An initiative in this direction has already been started by the British Pugwash Group. In setting up a “Nuclear Weapons Awareness Project,” the British Pugwash Group is collaborating with about a dozen other British organizations, ranging from BASIC (the British American Security Information Council) to MEDACT (Medical Action), from CND to Greenpeace. I suggest that the Pugwash Council should take it up and find ways to implement it on an international scale.
Let me now conclude with some simple observations of a more general nature, but relevant to the problems I have raised.
I believe in the inherent goodness of humankind. What would be the point of keeping the human species if this were not true? But then our task must be to ensure that this belief gains general acceptance.
We still conduct world affairs on the outdated principle that our survival demands being militarily strong. This is a remnant of our early history, when humans had to resort to violence in order to survive or to ensure continuation of the species. It completely ignores the radical changes that have occurred as a result of the advances in science and technology, changes which make such a stand no longer necessary. If equitably distributed, our resources could be sufficient to meet the basic needs of the world population, despite its huge increase.

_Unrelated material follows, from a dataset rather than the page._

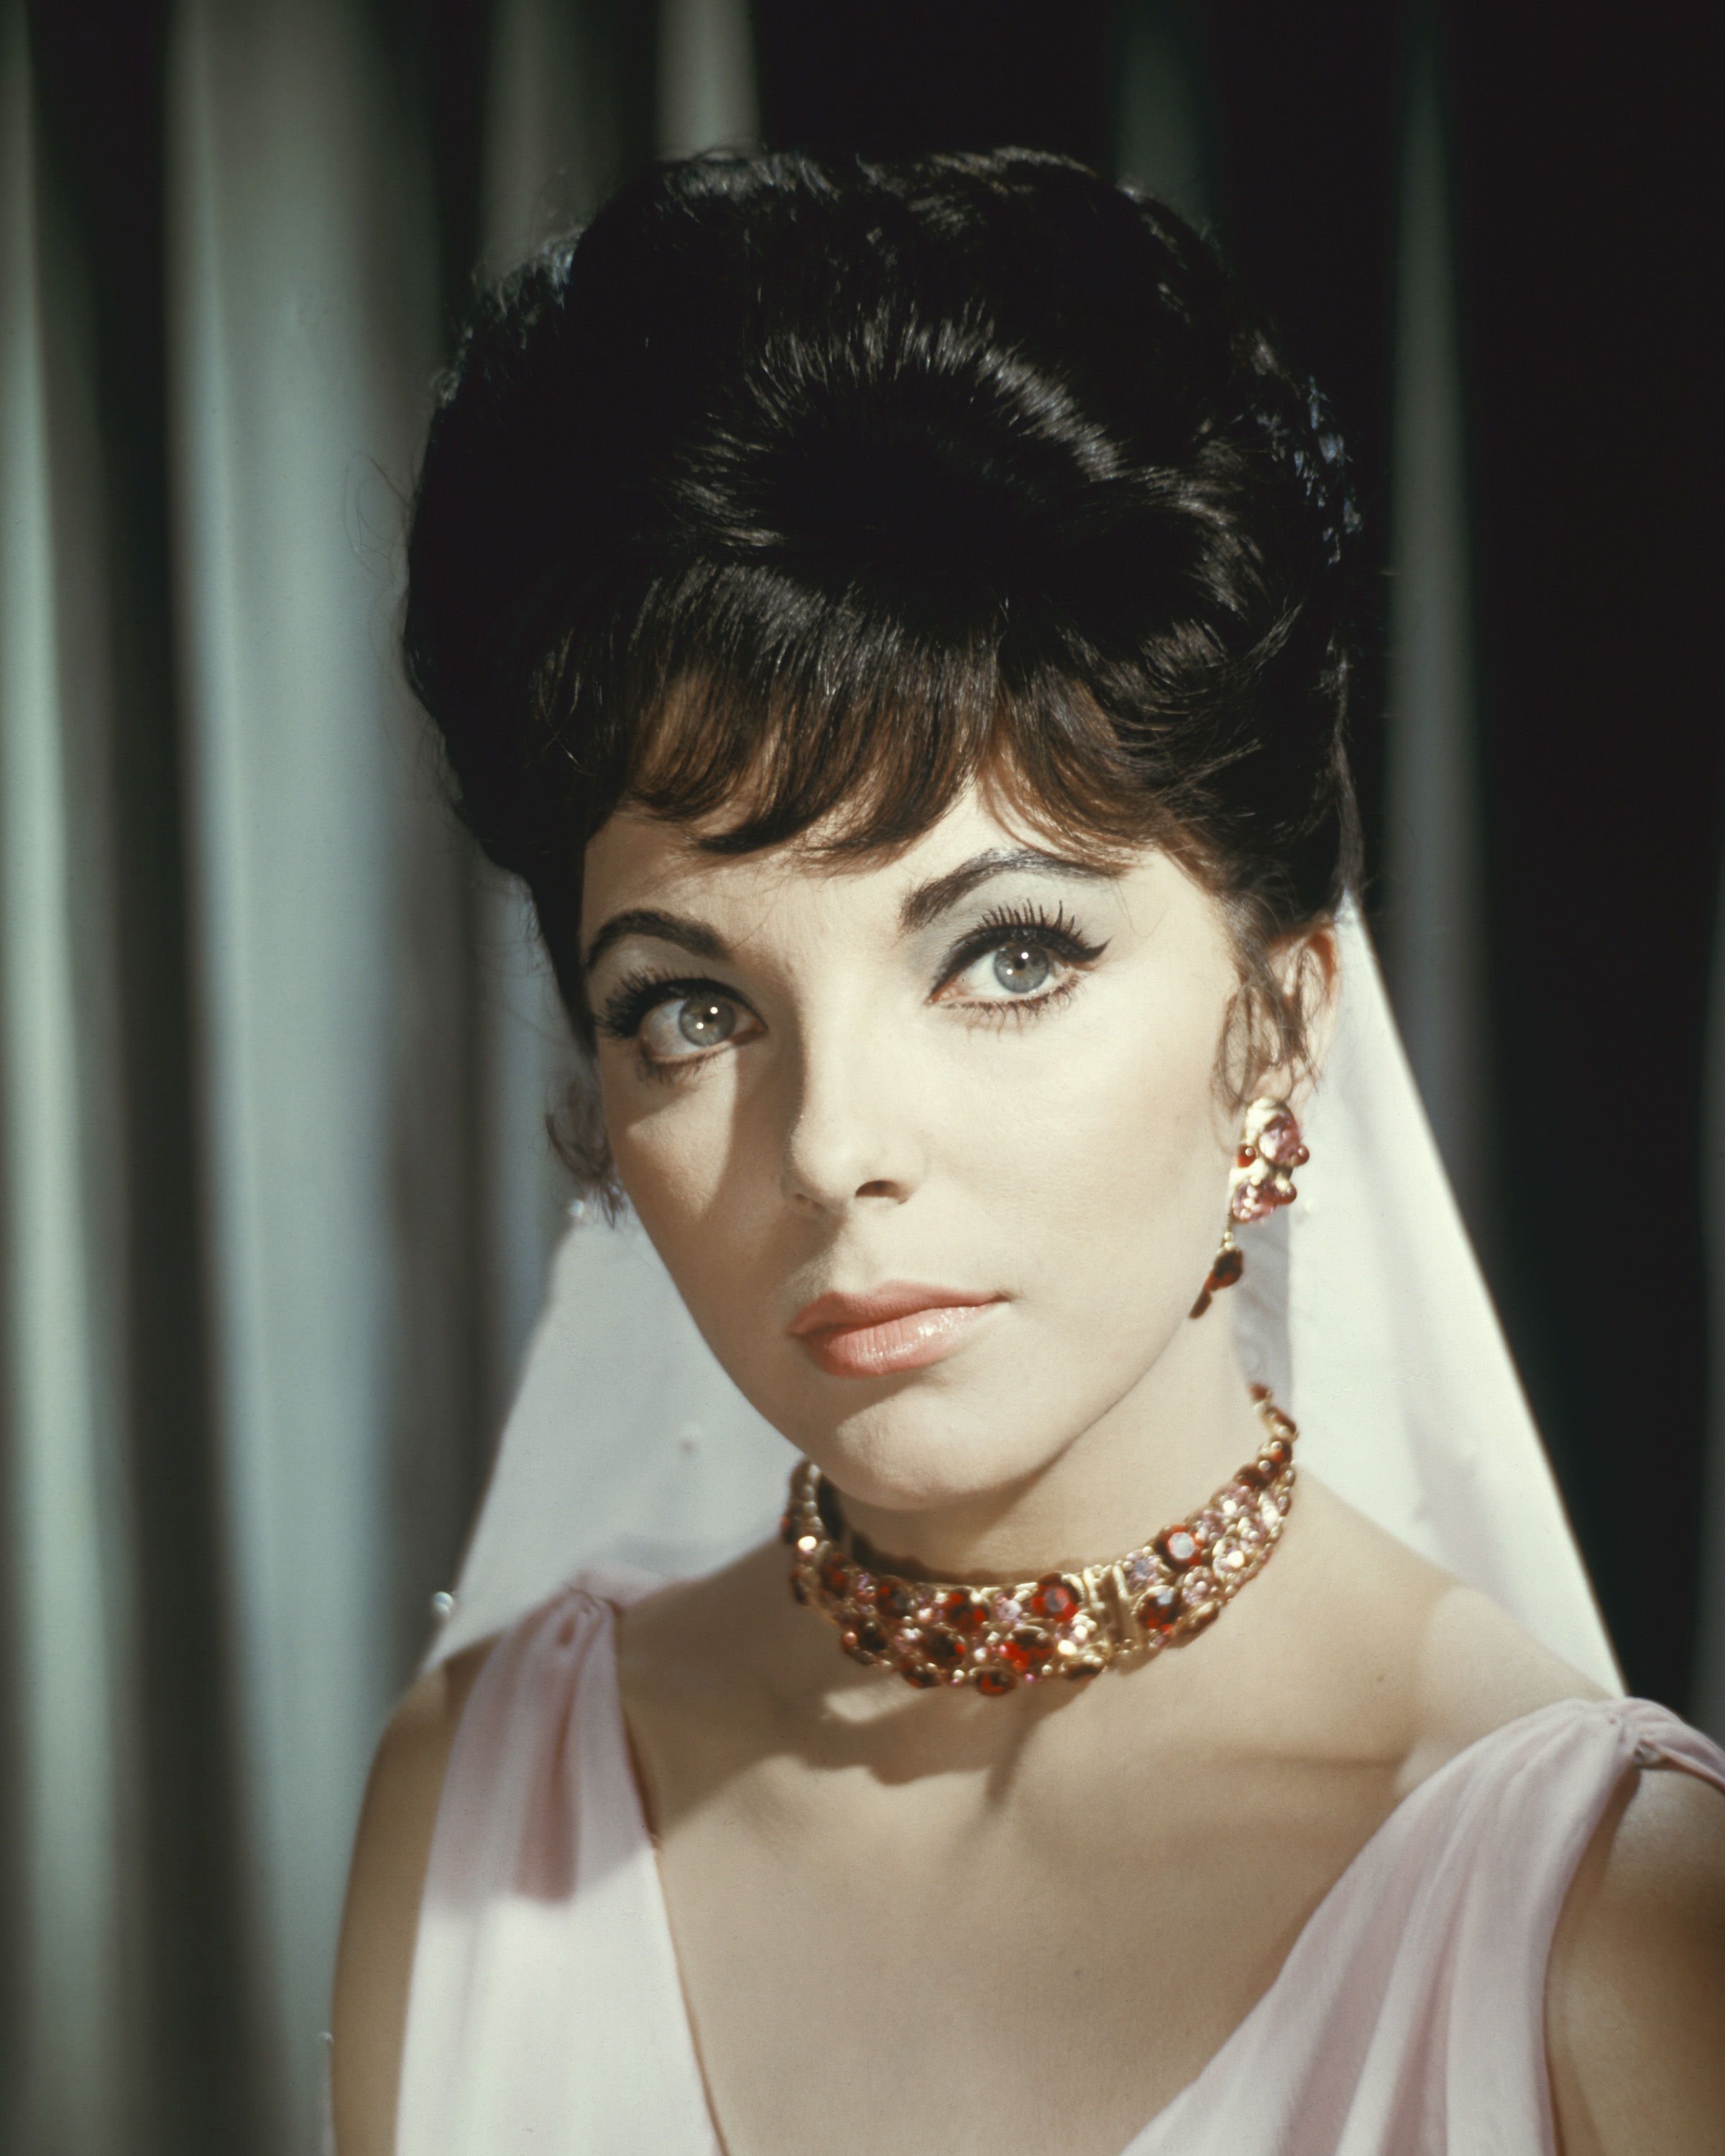 Joan Collins sur le plateau de tournage d'"Esther et le roi", 1960 | Source : Getty Images

Moreover, thanks largely to the fantastic progress in technology, our world is becoming more and more interdependent, more and more transparent, more and more interactive. Inherent in these developments is a set of agreements, ranging from confidence-building measures to formal international treaties; from protection of the environment to the clearance of mine fields; from Interpol to the International Criminal Court; from ensuring intellectual property rights to the Declaration of Human Rights. Respect for, and strict adherence to, the terms of international agreements are at the basis of a civilized society. Without this, anarchy and terrorism would reign, the very perils President Bush is allegedly committed to eradicate. While he tackles this issue by military means, we must strive to achieve it by peaceful means. While the Bush administration plans to act unilaterally, we have to ensure that world security is entrusted to the United Nations, the institution set up for this purpose. And we must link our respect for the law with strong moral principles.
Many Pugwash members are professionals, trained to look at problems in a detached, realistic, non-sentimental approach. But we are all, primarily, human beings, anxious to provide security for our nearest and dearest, and peace for fellow citizens of our nation and the world. We want to see a world in which relations between people and between nations are based on compassion, not greed; on generosity, not jealousy; on persuasion, not force; on equity, not oppression.
These are simple, some will say romantic, sentiments, but they are also realistic necessities. In a world armed with weapons of mass destruction, the use of which might bring the whole of civilization to an end, we cannot afford a polarized community, with its inherent threat of military confrontations. A global, equitable community, to which we all belong as world citizens, has become a vital necessity.